Posted in Articles, Caribbean/Latin America, Europe, History on 2016-12-12 22:18Z by Steven

Guest Post: A View from the Past: The Contingencies of Racialization in 15th- and 16th-Century Iberia

The Junto: A Group Blog on Early American History
2016-12-12

Marley-Vincent Lindsey
Brown University, Providence, Rhode Island

When Paul Gilroy wrote his now-classic critique of cultural nationalism in 1995, he conceived a Black Atlantic that was a geo-political amalgamation of Africa, America, the Caribbean, and Europe. Gilroy was particularly interested in the construction of a modern, post-colonial cultural space in which slavery remained a part of modern black consciousness. His book is particularly noted for the introduction of race as a critical consideration in exploring the Black Atlantic.

It is fitting then, that we kick off our week-long discussion of the Black Atlantic with a post by Marley-Vincent Lindsey, which explores considerations of race in the Iberian Atlantic.

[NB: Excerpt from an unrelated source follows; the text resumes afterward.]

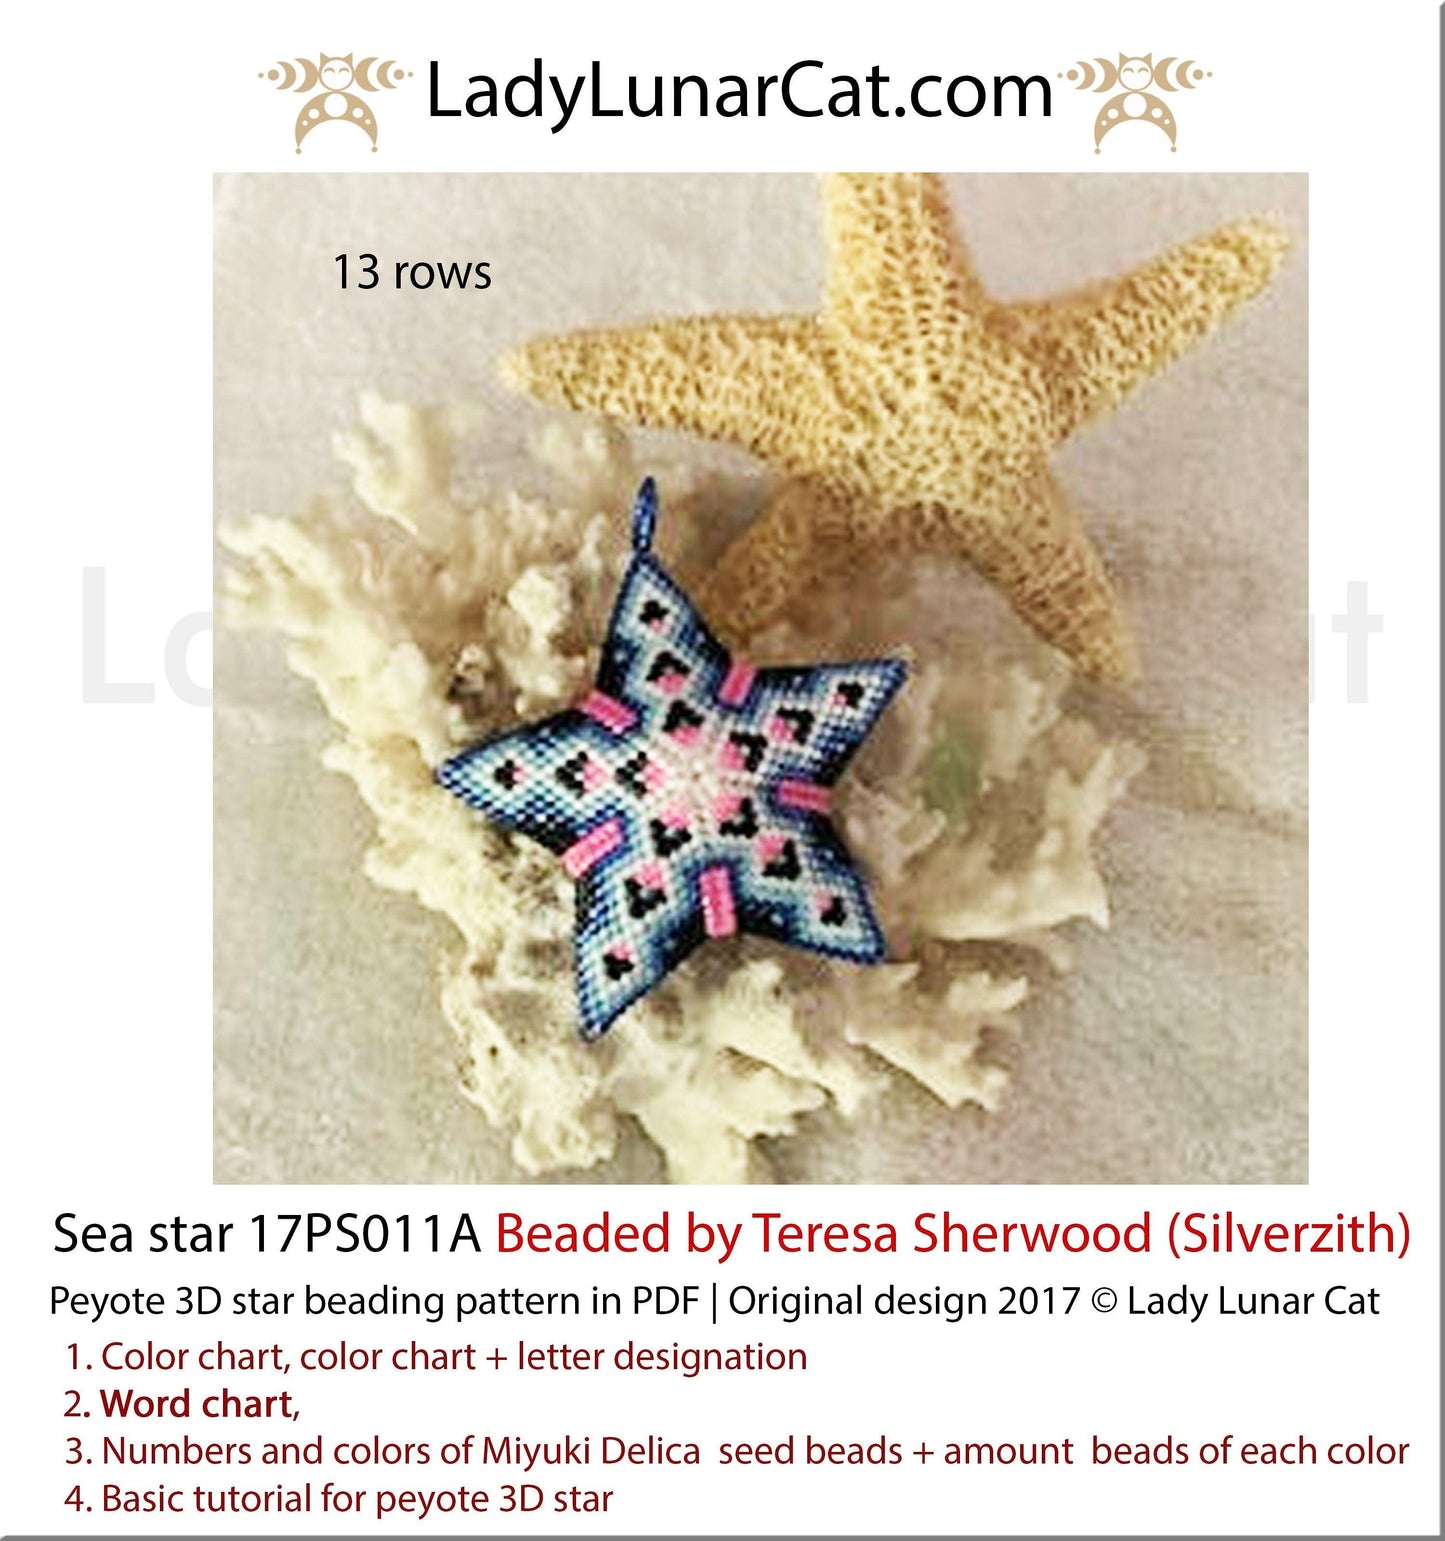 3d peyote star patterns for beading Sea star 17PS011A LadyLunarCat

Subsequent posts will consider Black responses to freedom (and unfreedom), historical narrative, race, and of course, power.

Juan Garrido was a typical conquistador: arriving in Hispaniola by 1508, Garrido accompanied Juan Ponce de León in his invasion of Puerto Rico, and was later found with Hernan Cortés in Mexico City. Yet his proofs of service, a portion of which was printed by Francisco Icaza in a collection of autobiographies by the conquistadors and settlers of New Spain, made a unique note: de color negro, or “of Black color.”1

What significance was the color of his skin? From our crystal ball of future development, the answer is obvious: Spain had developed a particularly unique concern for racializing individuals, and the Iberian excursions throughout the western and southern coasts of Africa added fuel for “hardening identities” of what was significant about being Black or White. This unique historical contingency, argued James Sweet, was the genesis for American conceptions of race.2

Supporting this construction is the intuitive power of 1492, when Columbus invaded the ocean blue. Iberia’s box score for the year also included the seizure of Granada and the expulsion of Jews who refused conversion. For the century prior, there existed a rich vocabulary through which differences of religion were literally racialized: by 1611, Corrubias’ Spanish dictionary defined raza in reference to humans as being bad lineage, like Jewish or Muslim ancestry. Medievalists like David Nirenberg have traced these discourses through which raza gained biological potency through Castilian and Aragonese experiences with Jews and Moors.3

Read the entire article here.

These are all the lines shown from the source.